== Data ==

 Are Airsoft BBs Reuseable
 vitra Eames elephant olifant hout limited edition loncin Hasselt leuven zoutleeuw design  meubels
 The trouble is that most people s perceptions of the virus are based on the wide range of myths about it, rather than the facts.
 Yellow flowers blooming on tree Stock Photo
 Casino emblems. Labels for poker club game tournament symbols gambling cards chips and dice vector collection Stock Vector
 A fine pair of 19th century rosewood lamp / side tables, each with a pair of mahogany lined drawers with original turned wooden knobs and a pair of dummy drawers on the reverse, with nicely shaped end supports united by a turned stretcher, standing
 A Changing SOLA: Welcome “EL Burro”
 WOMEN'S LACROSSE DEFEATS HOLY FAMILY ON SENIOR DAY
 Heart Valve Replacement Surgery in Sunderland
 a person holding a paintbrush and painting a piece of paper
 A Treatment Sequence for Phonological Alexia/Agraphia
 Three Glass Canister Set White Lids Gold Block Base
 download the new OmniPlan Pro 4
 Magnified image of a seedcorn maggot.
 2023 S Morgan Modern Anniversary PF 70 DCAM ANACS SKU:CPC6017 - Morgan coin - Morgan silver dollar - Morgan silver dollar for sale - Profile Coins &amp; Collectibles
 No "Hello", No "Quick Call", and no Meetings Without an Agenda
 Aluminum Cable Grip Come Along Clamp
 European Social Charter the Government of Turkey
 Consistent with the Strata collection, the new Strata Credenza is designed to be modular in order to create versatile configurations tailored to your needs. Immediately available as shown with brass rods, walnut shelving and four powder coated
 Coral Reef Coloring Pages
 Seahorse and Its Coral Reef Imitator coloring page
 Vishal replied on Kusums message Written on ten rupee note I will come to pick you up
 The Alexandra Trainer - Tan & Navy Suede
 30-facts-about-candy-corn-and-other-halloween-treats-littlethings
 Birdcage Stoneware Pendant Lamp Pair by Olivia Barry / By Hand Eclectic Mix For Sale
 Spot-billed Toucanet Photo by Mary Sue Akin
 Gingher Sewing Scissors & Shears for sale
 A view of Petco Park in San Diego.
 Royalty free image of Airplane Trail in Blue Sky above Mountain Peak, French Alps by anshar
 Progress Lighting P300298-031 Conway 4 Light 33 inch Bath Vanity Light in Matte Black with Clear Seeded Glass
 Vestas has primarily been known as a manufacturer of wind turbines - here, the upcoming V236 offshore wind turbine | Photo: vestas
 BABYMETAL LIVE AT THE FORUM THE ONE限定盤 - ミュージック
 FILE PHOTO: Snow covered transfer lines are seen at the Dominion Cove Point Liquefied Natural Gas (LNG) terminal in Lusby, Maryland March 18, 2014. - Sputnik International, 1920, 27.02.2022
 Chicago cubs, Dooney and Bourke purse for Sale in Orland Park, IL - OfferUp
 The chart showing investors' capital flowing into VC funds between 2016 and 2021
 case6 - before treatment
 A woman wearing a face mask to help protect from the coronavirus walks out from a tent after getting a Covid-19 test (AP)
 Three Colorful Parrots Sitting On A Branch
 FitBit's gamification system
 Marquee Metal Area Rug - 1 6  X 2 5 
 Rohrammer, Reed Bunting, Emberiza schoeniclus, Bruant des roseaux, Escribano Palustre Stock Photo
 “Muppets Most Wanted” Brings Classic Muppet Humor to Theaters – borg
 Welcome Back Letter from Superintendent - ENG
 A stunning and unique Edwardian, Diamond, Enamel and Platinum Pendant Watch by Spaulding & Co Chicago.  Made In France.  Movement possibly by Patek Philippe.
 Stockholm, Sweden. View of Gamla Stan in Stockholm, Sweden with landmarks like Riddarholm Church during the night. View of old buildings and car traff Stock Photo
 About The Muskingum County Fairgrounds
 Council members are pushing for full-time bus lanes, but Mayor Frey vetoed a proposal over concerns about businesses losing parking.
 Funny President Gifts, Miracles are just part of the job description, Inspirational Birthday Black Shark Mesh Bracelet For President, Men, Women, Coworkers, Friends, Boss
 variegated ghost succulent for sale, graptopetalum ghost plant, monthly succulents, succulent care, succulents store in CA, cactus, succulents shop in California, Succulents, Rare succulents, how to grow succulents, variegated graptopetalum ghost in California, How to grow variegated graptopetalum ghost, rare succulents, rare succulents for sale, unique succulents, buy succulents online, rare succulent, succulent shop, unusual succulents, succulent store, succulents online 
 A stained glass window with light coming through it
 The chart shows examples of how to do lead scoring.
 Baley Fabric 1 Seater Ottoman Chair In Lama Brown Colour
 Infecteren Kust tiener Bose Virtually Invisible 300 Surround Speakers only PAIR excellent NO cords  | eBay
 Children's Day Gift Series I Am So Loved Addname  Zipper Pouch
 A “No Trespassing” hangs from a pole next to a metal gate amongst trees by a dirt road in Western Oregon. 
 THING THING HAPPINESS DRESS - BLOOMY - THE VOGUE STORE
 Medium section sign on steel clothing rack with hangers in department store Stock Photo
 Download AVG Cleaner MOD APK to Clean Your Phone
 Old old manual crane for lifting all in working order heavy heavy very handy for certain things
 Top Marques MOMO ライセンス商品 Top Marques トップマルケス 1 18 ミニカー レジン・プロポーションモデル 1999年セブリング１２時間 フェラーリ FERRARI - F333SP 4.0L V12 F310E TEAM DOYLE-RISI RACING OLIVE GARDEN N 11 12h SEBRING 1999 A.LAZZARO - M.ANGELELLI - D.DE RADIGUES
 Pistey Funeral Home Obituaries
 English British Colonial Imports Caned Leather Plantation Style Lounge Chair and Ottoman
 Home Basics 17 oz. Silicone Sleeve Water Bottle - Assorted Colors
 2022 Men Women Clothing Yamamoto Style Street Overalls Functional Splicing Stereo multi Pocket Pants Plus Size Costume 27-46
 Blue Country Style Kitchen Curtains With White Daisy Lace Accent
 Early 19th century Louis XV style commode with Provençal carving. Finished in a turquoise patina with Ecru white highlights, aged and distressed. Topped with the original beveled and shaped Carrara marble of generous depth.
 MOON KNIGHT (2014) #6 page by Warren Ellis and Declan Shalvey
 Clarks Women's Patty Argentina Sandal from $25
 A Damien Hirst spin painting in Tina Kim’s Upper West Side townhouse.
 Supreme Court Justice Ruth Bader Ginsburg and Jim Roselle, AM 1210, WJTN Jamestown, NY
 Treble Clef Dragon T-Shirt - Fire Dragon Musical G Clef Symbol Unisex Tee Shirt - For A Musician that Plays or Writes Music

===

- Requirement
Your answer should consist of the lines from the line with "About The Muskingum County Fairgrounds" to the line with "Home Basics 17" above, repeated exactly, both ends included.

- The completed task
 About The Muskingum County Fairgrounds
 Council members are pushing for full-time bus lanes, but Mayor Frey vetoed a proposal over concerns about businesses losing parking.
 Funny President Gifts, Miracles are just part of the job description, Inspirational Birthday Black Shark Mesh Bracelet For President, Men, Women, Coworkers, Friends, Boss
 variegated ghost succulent for sale, graptopetalum ghost plant, monthly succulents, succulent care, succulents store in CA, cactus, succulents shop in California, Succulents, Rare succulents, how to grow succulents, variegated graptopetalum ghost in California, How to grow variegated graptopetalum ghost, rare succulents, rare succulents for sale, unique succulents, buy succulents online, rare succulent, succulent shop, unusual succulents, succulent store, succulents online 
 A stained glass window with light coming through it
 The chart shows examples of how to do lead scoring.
 Baley Fabric 1 Seater Ottoman Chair In Lama Brown Colour
 Infecteren Kust tiener Bose Virtually Invisible 300 Surround Speakers only PAIR excellent NO cords  | eBay
 Children's Day Gift Series I Am So Loved Addname  Zipper Pouch
 A “No Trespassing” hangs from a pole next to a metal gate amongst trees by a dirt road in Western Oregon. 
 THING THING HAPPINESS DRESS - BLOOMY - THE VOGUE STORE
 Medium section sign on steel clothing rack with hangers in department store Stock Photo
 Download AVG Cleaner MOD APK to Clean Your Phone
 Old old manual crane for lifting all in working order heavy heavy very handy for certain things
 Top Marques MOMO ライセンス商品 Top Marques トップマルケス 1 18 ミニカー レジン・プロポーションモデル 1999年セブリング１２時間 フェラーリ FERRARI - F333SP 4.0L V12 F310E TEAM DOYLE-RISI RACING OLIVE GARDEN N 11 12h SEBRING 1999 A.LAZZARO - M.ANGELELLI - D.DE RADIGUES
 Pistey Funeral Home Obituaries
 English British Colonial Imports Caned Leather Plantation Style Lounge Chair and Ottoman
 Home Basics 17 oz. Silicone Sleeve Water Bottle - Assorted Colors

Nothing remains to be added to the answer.